A lower cost of borrowing is also contributing to reduced incentive spending, Karwel added, making low- or zero-interest borrowing on 84-month terms readily available to consumers to offset the affordability concerns of higher transaction prices.
While Canadians continued to shift into higher-priced segments as the market moved into a sales split of 84 per cent SUVs and light trucks and 16 per cent cars by the end of 2020, Karwel said that consumers are also increasingly willing to spend more for higher-trim vehicles within those segments. Longer financing terms and low interest rates make the increased cost easier for Canadians to bear as the difference in monthly payments is often manageable. In November 2020, the most recent month for which data is available, the average monthly payment was up only $10 year-over-year despite higher transaction prices.

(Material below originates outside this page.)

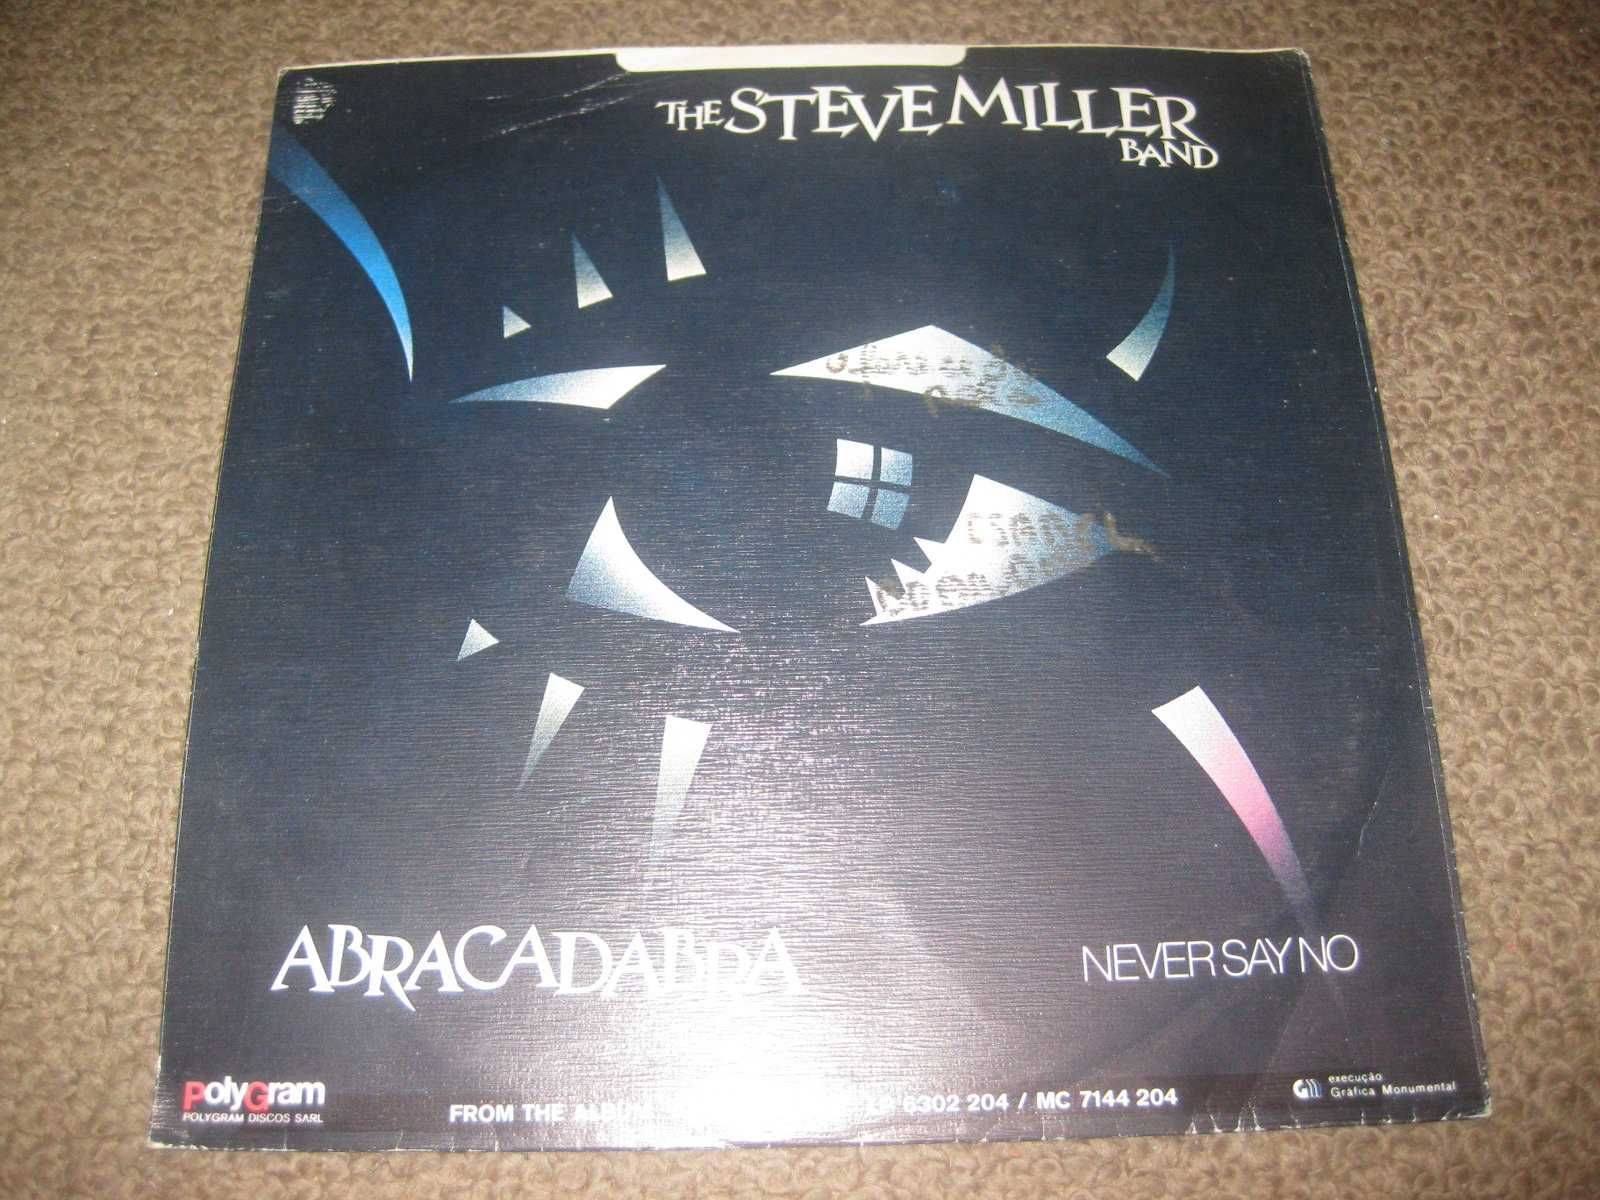 Vinil Single 45 rpm dos The Steve Miller Band "Abracadabra"

“If a family is in the market [for] a Ford Explorer, it’s not taking a lot of arm-twisting to get them to buy a Titanium instead of an SEL,” Karwel said.
This higher mix of trims gives the Canadian market an advantage in the fight for allocation.
“A lot of the vehicles we buy aren’t built here, and we’ve got to fight with other markets to get [inventory],” he said. “If we can prove we’re going to take a higher trim mix allocation, the factory will be more likely to send more cars our way.”